Development of a dosing algorithm for meropenem in critically ill patients based on a population pharmacokinetic/pharmacodynamic analysis.

Effective antibiotic dosing is vital for therapeutic success in critically ill patients. This work aimed to develop an algorithm to identify appropriate meropenem dosing in critically ill patients. Population pharmacokinetic (PK) modelling was performed in NONMEM®7.3 based on densely sampled meropenem serum samples (npatients = 48; nsamples = 1376) and included a systematic analysis of 27 pre-selected covariates to identify factors influencing meropenem exposure. Using Monte Carlo simulations newly considering the uncertainty of PK parameter estimates, standard meropenem dosing was evaluated with respect to attainment of the pharmacokinetic/pharmacodynamic (PK/PD) target and was compared with alternative infusion regimens (short-term, prolonged, continuous; daily dose, 2000-6000 mg).

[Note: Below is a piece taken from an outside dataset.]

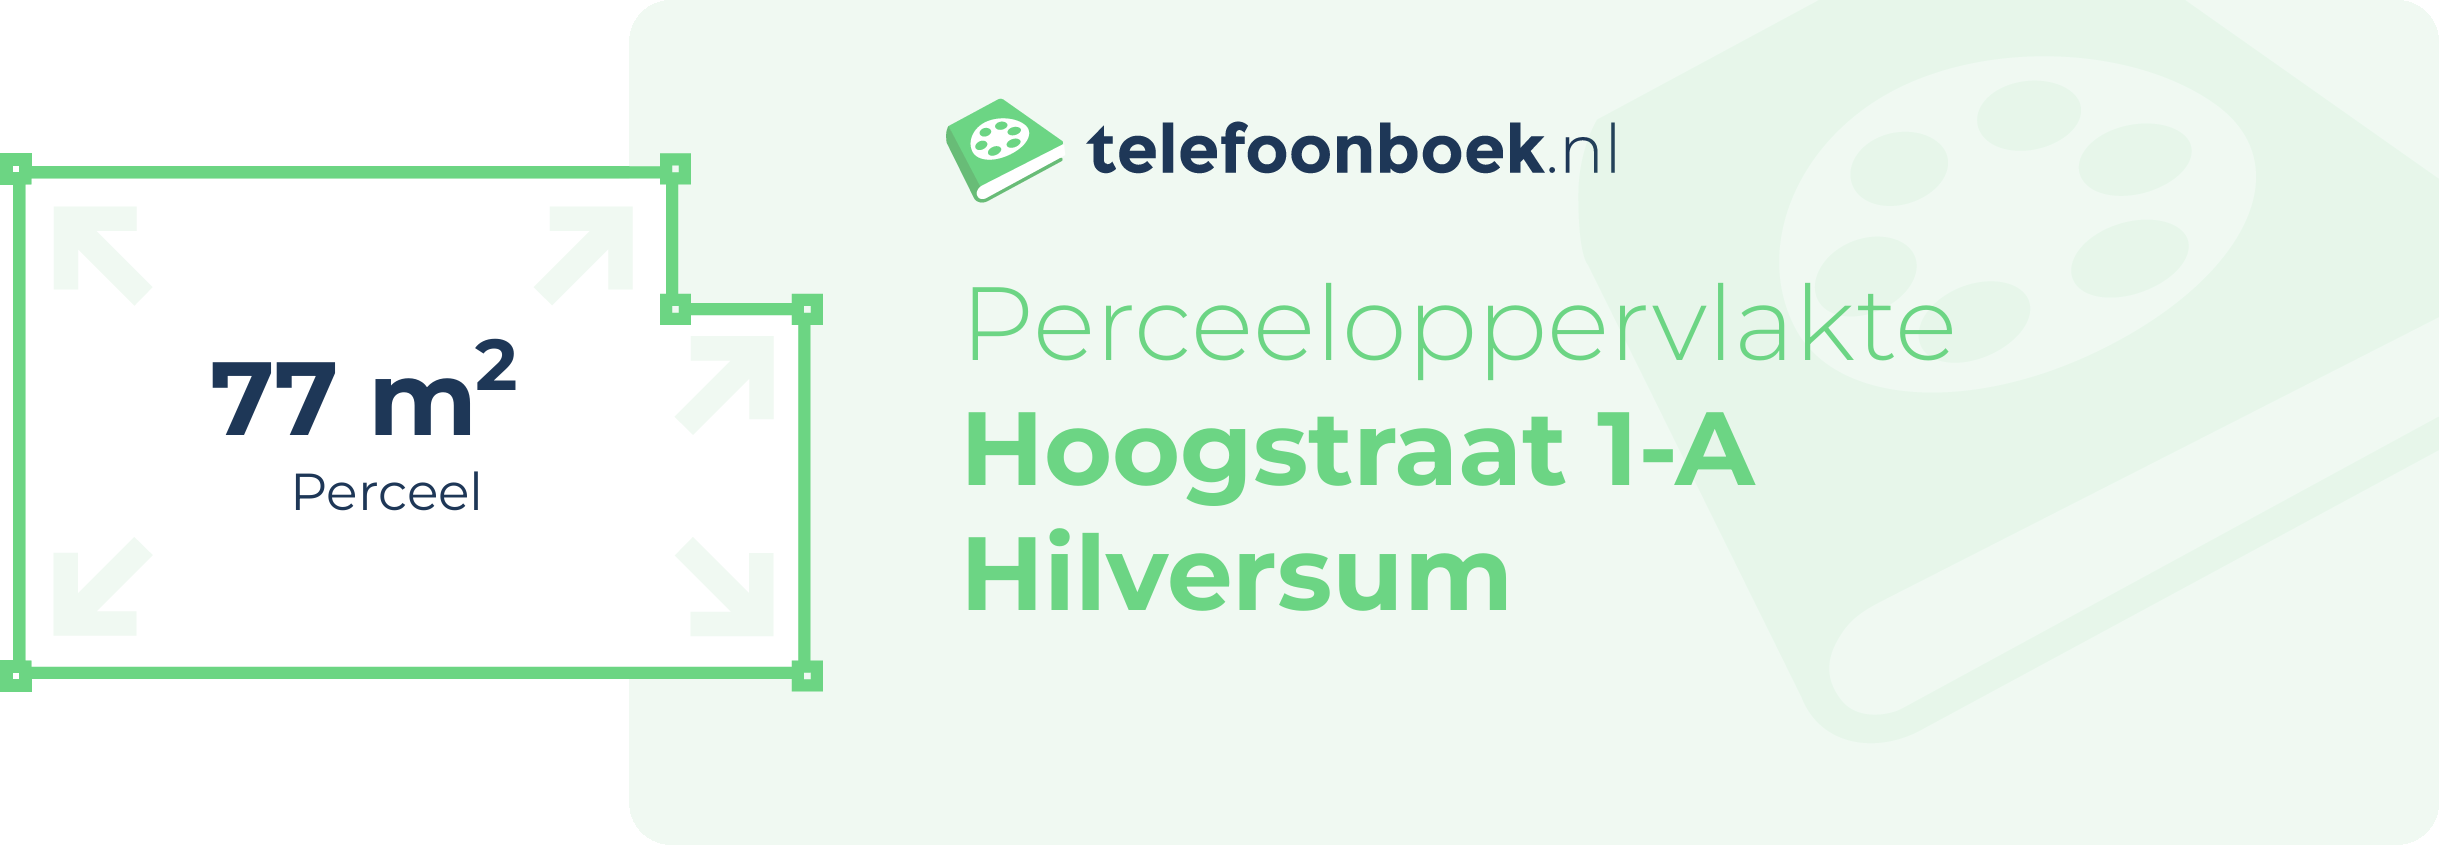 Perceeloppervlakte Hoogstraat 1-A Hilversum

Subsequently, a dosing algorithm was developed to identify appropriate dosing regimens. The two-compartment population PK model included three factors influencing meropenem pharmacokinetics: the Cockcroft-Gault creatinine clearance (CLCRCG) on meropenem clearance; and body weight and albumin on the central and peripheral volume of distribution, respectively; of these, only CLCRCG was identified as a vital influencing factor on PK/PD target attainment. A three-level dosing algorithm was developed (considering PK parameter uncertainty), suggesting dosing regimens depending on renal function and the level (L) of knowledge about the infecting pathogen (L1, pathogen unknown; L2, pathogen known; L3(-MIC), pathogen and susceptibility known; L3(+MIC), MIC known). Whereas patients with higher CLCRCG and lower pathogen susceptibility required mainly intensified dosing regimens, lower than standard doses appeared sufficient for highly susceptible pathogens. In conclusion, a versatile meropenem dosing algorithm for critically ill patients is proposed, indicating appropriate dosing regimens based on patient- and pathogen-specific information.